U.S. Treasury Obligations
U.S. Treasury Obligations are obligations issued or guaranteed as to
payment of principal and interest by the full faith and credit of the U.S.
Government. These obligations may include
A-5
<PAGE> 107
Treasury bills, notes and bonds, and issues of agencies and instrumentalities
of the U.S. Government, provided such obligations are guaranteed as to payment
of principal and interest by the full faith and credit of the U.S. Government.

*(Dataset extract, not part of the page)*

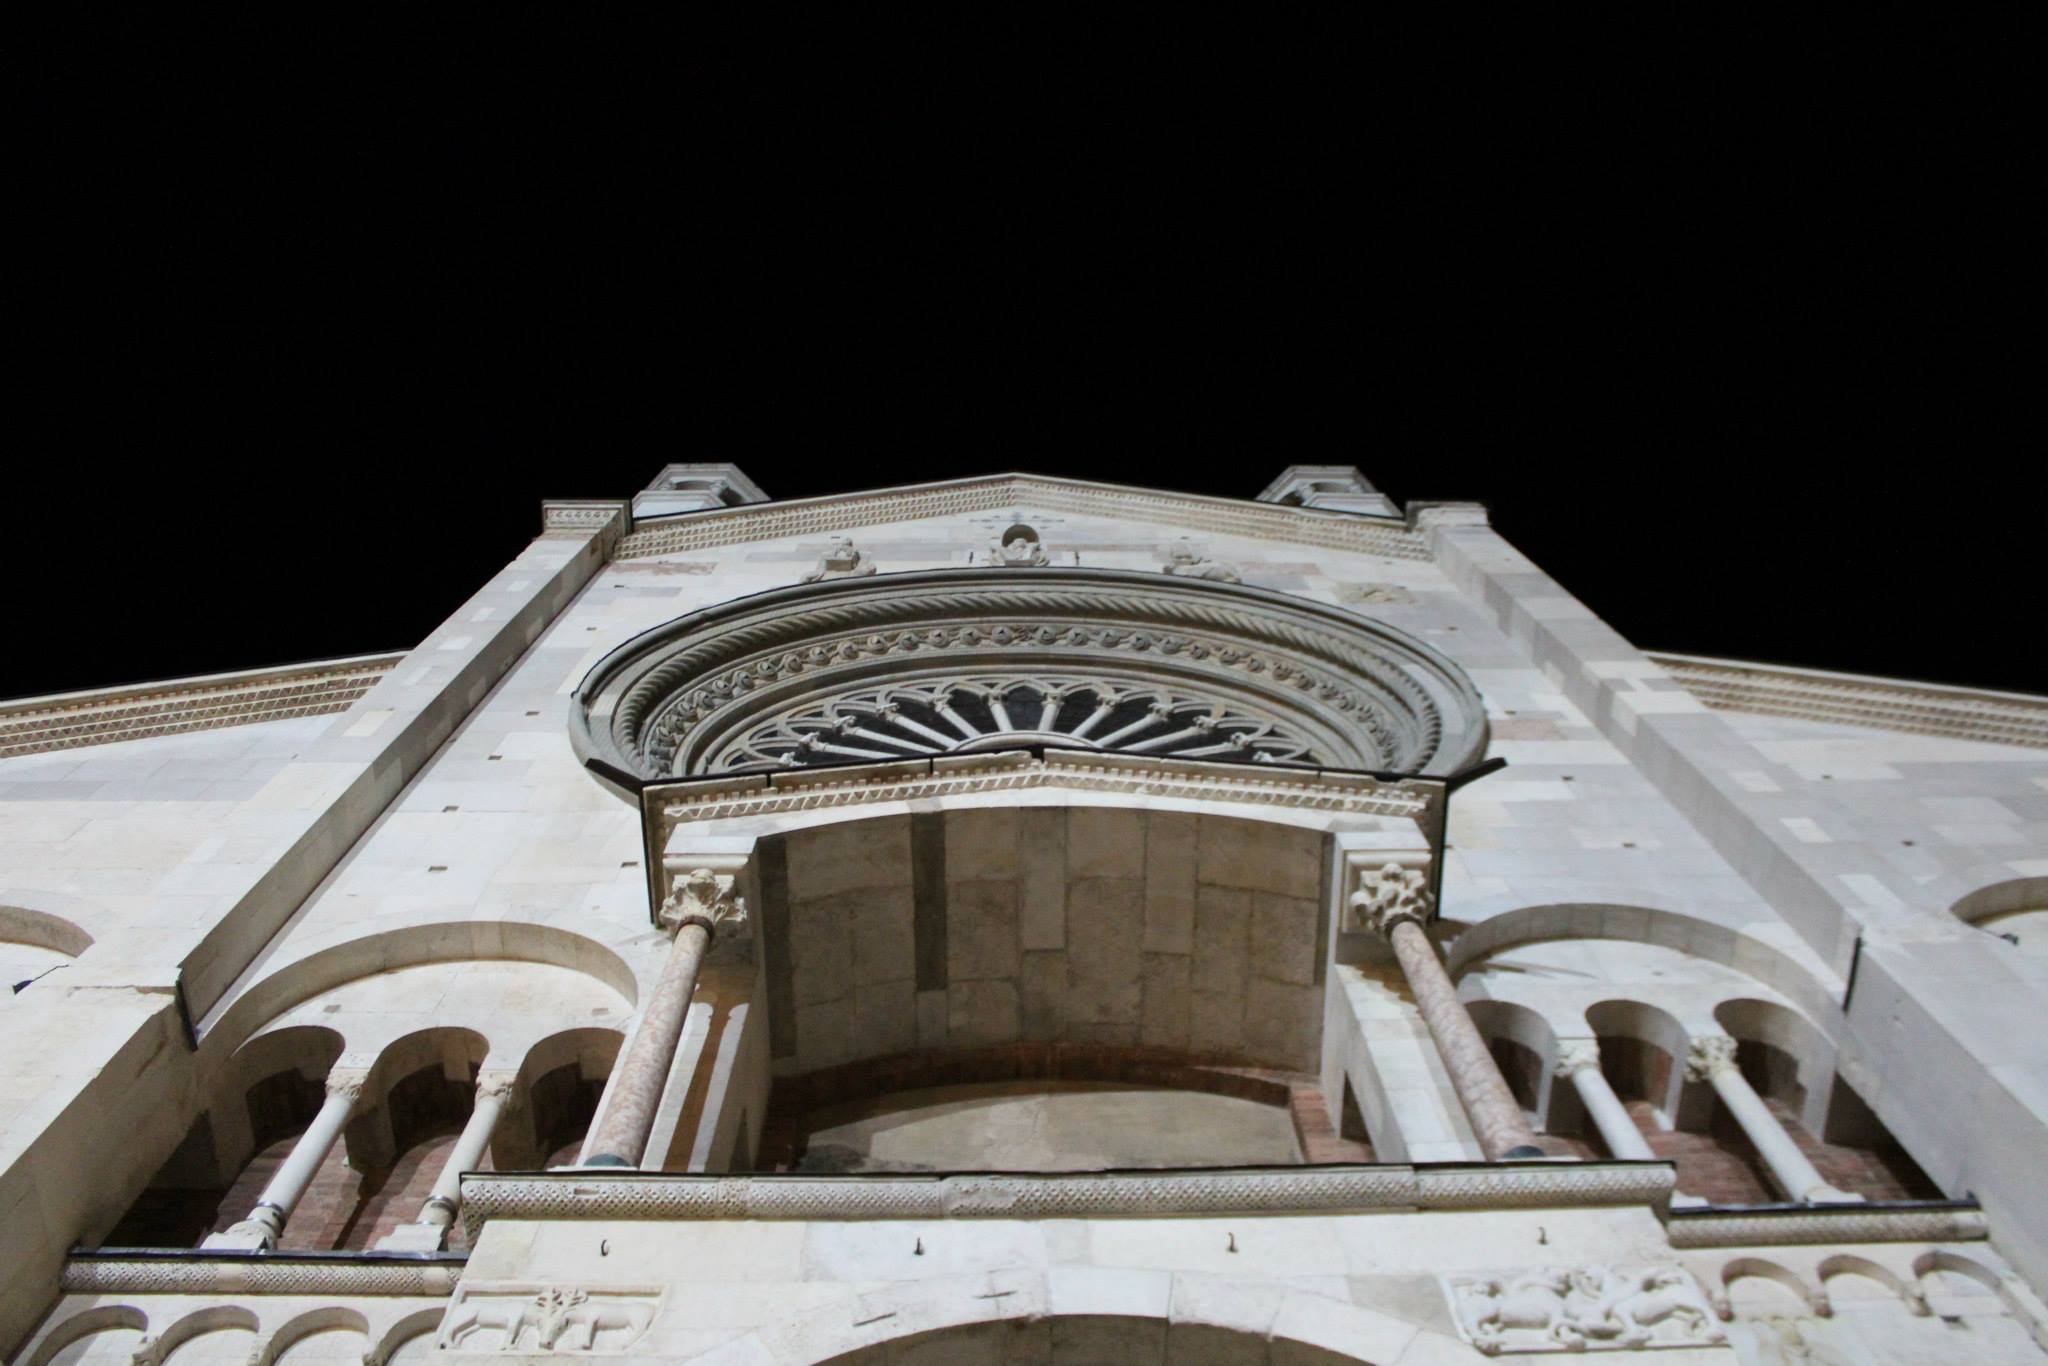 foto: https://upload.wikimedia.org/wikipedia/commons/8/8b/Duomodue.jpg

U.S. Government Agency and Instrumentality Obligations
Obligations of the U.S. Government include Treasury bills, certificates
of indebtedness, notes and bonds, and issues of agencies and instrumentalities
of the U.S. Government, such as the Government National Mortgage Association,
the Export-Import Bank of the United States, the Tennessee Valley Authority,
the Farmers Home Administration, the Federal Home Loan Banks, the Federal
Intermediate Credit Banks, the Federal Farm Credit Banks, the Federal Land
Banks, the Federal Housing Administration, the Federal National Mortgage
Association, the Federal Home Loan Mortgage Corporation, and the Student Loan
Marketing Association. Some of these obligations, such as those of the
Government National Mortgage Association and the Export-Import Bank of the
United States, are supported by the full faith and credit of the U.S. Treasury;
others, such as those of the Federal National Mortgage Association, are
supported by the right of the issuer to borrow from the Treasury; others, such
as those of the Student Loan Marketing Association, are supported by the
discretionary authority of the U.S. Government to purchase the agency's
obligations; still others, such as those of the Federal Farm Credit Banks, are
supported only by the credit of the instrumentality. No assurance can be given
that the U.S. Government would provide financial support to U.S.
Government-sponsored instrumentalities if it is not obligated to do so by law.